With these added to Wembley, Old Trafford and others already of 50,000-plus, or likely to be built at around that size or larger, then a bid on this basis would add up to the biggest-ever capacity for a World Cup. Such an advantage should not be lightly dismissed. World Cups are now characterised by the huge numbers of fans, tens of thousands from many countries – hundreds of thousands from some – who travel from every corner of the globe to be there. And just imagine the domestic clamour for tickets.

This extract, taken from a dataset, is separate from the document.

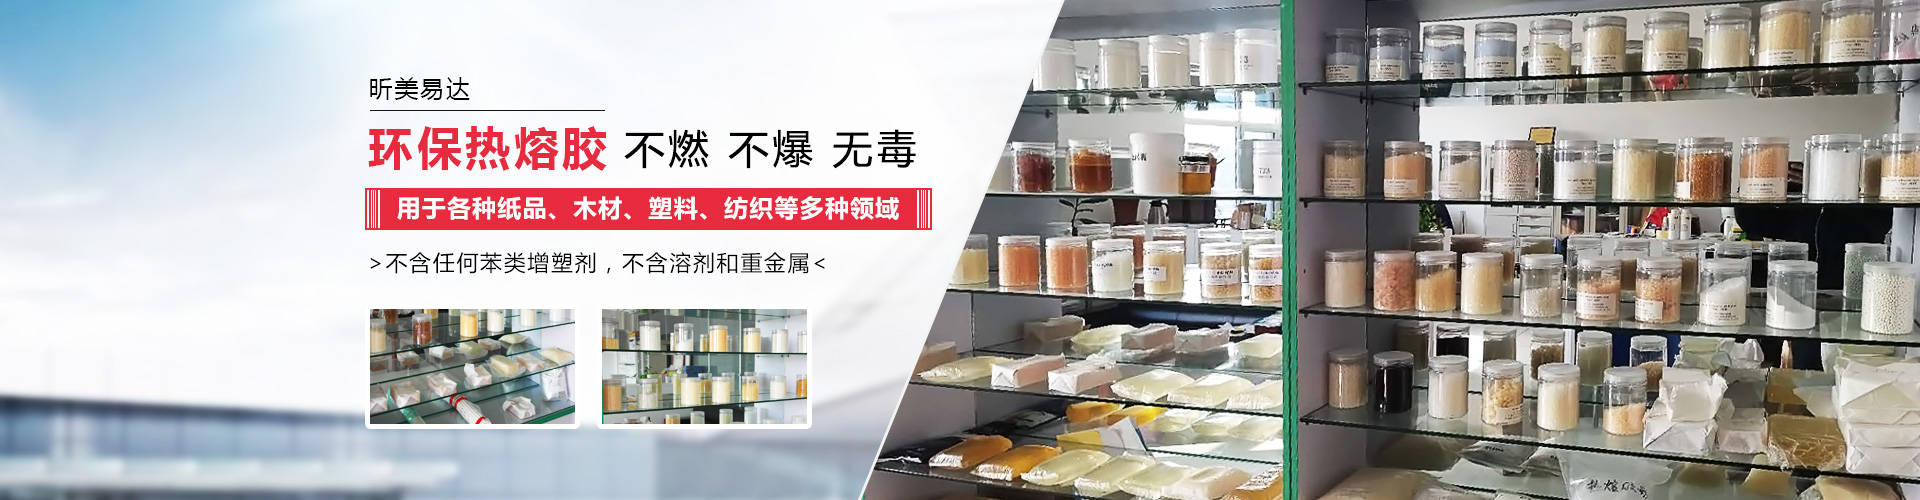 青島昕美易達專業生產熱熔膠,粘合劑等系列產品.

But there’s another reason. The feasibility document repeats over and over again the claim that the World Cup will leave a lasting legacy. Yet there is precious little verifiable evidence for this, while landmarks to wasteful extravagance abound. Aveiro in Portugal aimed to boost its resort status by hosting Euro 2004 games. The new stadium, with its 30,000 seats, is now the home of Beira Mar, who boast an average attendance of 1,000. The tendency with these mega-events is always to favour building projects that supposedly add to the prestige of being hosts by having a lasting legacy. Empty, disused stadiums now litter Portugal, Japan and South Korea. Even the Germans could not resist the temptation of building a new ground in Leipzig in order to assuage their guilt that all the other host cities and benefits stayed in the old West. The 45,000-capacity stadium is now occupied by FC Sachsen Leipzig, who play in the German fourth tier and struggle to attract more than 2,000 to games.
It could be that this feasibility study isn’t much more than a convenient prop for a Gordon Brown photo-opportunity at Wembley. If that’s the case, it will remain a footnote of any eventual bid in four, or eight, years’ time. But if it is a serious first step towards entering this process then the wilful submission to the creeping conservatism that bedevils the World Cup bidding competition is a worrying early sign. A bid could be founded on co-operation, to accommodate unprecedented numbers of fans and leaving no legacy of unwanted stadiums. Aren’t those the kinds of promises politicians should be making to impress the voters?